Postado em 15 novembro 2009 Escrito por Izzy Nobre 65 Comentários

Meus caros amigos e inimigos, como os senhores sabem eu estou retornando triunfalmente à pátria amada idolatrada salve salve entre outras mil é tu Brasil, em virtude do casamento de minha querida prima Talita – que sempre foi uma das minhas mais próximas.

(Also ela tem um PHD em física – seguindo os passos da mãe, doutora na mesma ciência -, portanto respeitem e invejem o garbo e sofisticação acadêmica da minha família)

Por ter morado longe da terrinha por tantos anos (6 anos no Canadá, 3 no Paraná, 3 no Maranhão), acabei perdendo todos os importantes eventos familiares – aniversários, casamentos, formaturas, etc. Aquela sensação de distanciamento, por mais desligado da família e das suas raízes que você seja, acaba te afetando eventualmente.

E por mais que eu tenha vivido essa distância da família por boa parte dos meus anos formativos (e toda a minha vida adulta, na real), você nunca se acostuma totalmente com isso. Sempre que alguém fala que foi visitar a avó ou que estava passeando com o primo, bate aquela fortíssima inveja.

Quando a Talita me falou que estaria se casando em janeiro, pensei “Puta merda, que timing horrível – fica muito em cima da hora fazer outra viagem dessa em menos de um ano“. Eu só me fodo mesmo!

Pra quem não lembra do contexto, eu fui ao Brasil em março, duas semanas após perder meu emprego, e apenas porque tudo já estava pago mesmo (cartão de crédito é pra perdedores, o quanto mais rápido você aprender isso, melhor sua vida será). Meu futuro financeiro estava em dúvida naquela época, e definitivamente não havia como se comprometer a um retorno tão breve. Pra ilustrar a situação, uma passagem de ida e volta ao Brasil, partindo da minha cidade, custa mais ou menos 1800 dólares.

Haja vontade de rever a terrinha.

Mas isso seria lógico demais pra familiares que estavam felizes em se rever após meia década. Apesar de saber perfeitamente que provavelmente não teria os fundos pra retornar tão cedo assim (afinal, eu havia perdido o emprego, e estava disposto a finalmente retornar aos estudos, o que complica mais ainda), prometi a todos que estaria de volta em janeiro pro casamento da minha prima. “Daqui pra lá eu dou um jeito”, eu tentava me convencer.
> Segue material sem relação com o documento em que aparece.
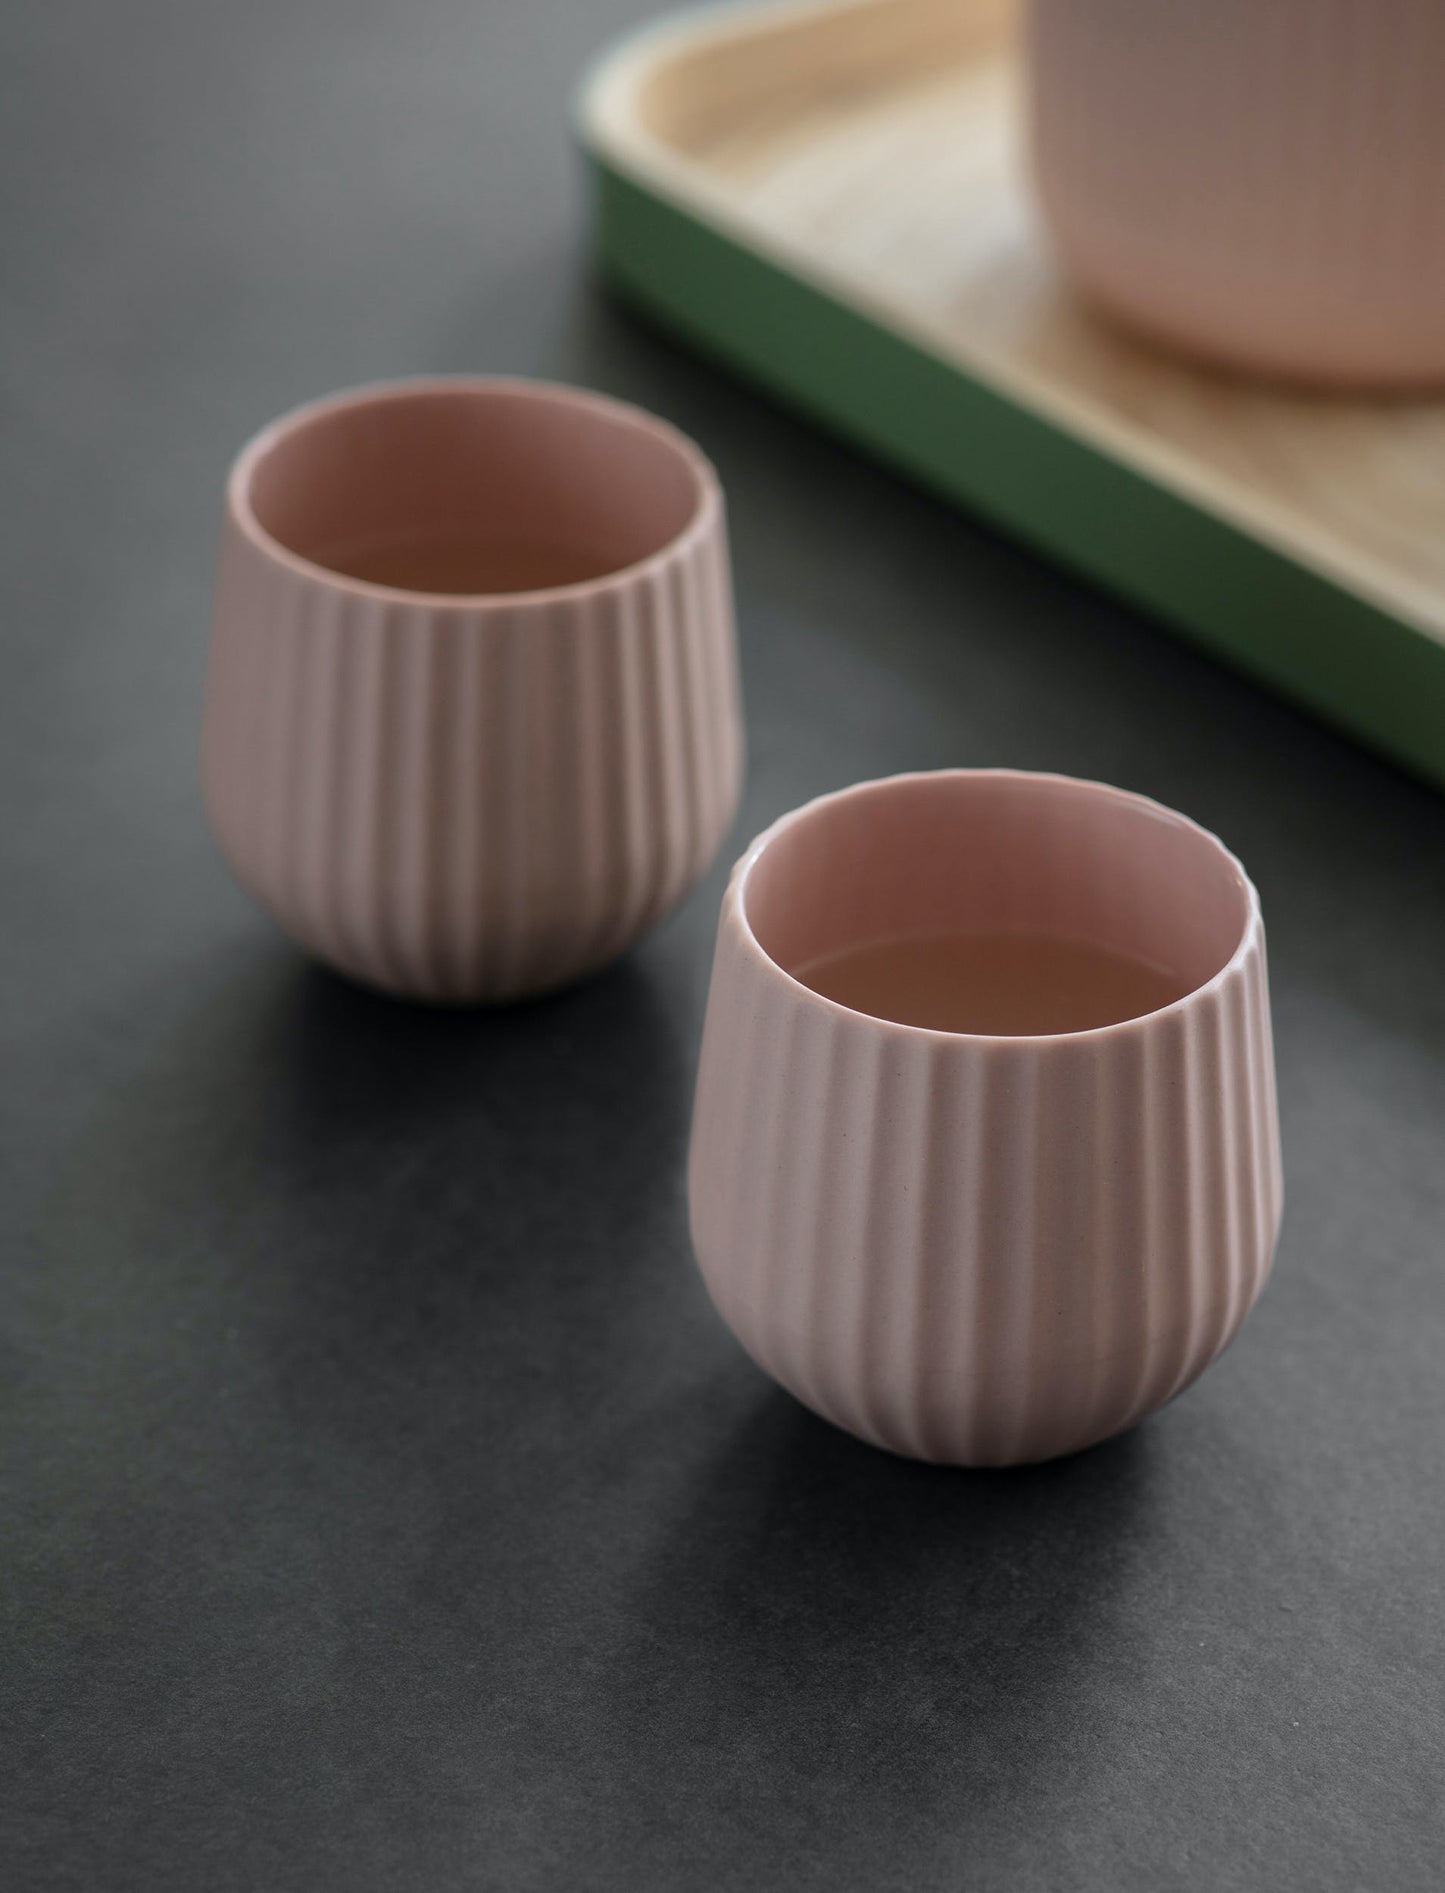 Pair of Ceramic Tumblers in Pink Gin

Minha mulher, não captando minha “mentira”, empolgou-se e reiterava pra minha família (com o adorável português torto dela) que voltaríamos sem dúvida. E eles começavam a fazer planos – alugar uma casa de praia, leva-la a um forró* qualquer, etc.

Meses depois do nosso retorno ao Canadá – quando fui sortudo o bastante pra arrumar um emprego que não apenas pagava o mesmo que eu fazia antes no tribunal, mas que é também mais divertido -, comecei a verificar minhas finanças e repensar na promessa feita aos parentes.

E quando vi que a situação tava tranquila – faculdade sob controle, contas em dia, a poupança continua crescendo todo mês (eis minha segunda dica de orçamento – trate sua poupança como prioridade financeira máxima), pensei “por que não ir ao Brasil em janeiro, como prometi?”.

Expus a idéia pra noiva. Ao invés de pular de felicidade, ela se entristeceu.

Há algum tempo, minha patroa perdeu o emprego. A tal da crise parece ter finalmente chegado ao Canadá, porque a mulher demorou quase um mês pra achar outra função. Quando ela finalmente descolou posição de gerente de uma grife chique do shopping próximo, a grana dela já tava pelas últimas, e algumas outras despesas tomavam precedência.

E por isso, não daria pra ela me acompanhar dessa vez.

Ela se empolgou por saber que eu poderia cumprir a promessa feita meses antes pra família, mas dava pra notar que ela estava triste por não poder ir comigo.

Fiz um cálculo mental rápido e pensei “foda-se”. Tirei uma grana da poupança e comprei as duas passagens. Esta é a minha terceira filosofia financeira, aliás – cuidar da sua grana tem prioridade alta, mas nunca se esqueça que a gente só vive uma vez.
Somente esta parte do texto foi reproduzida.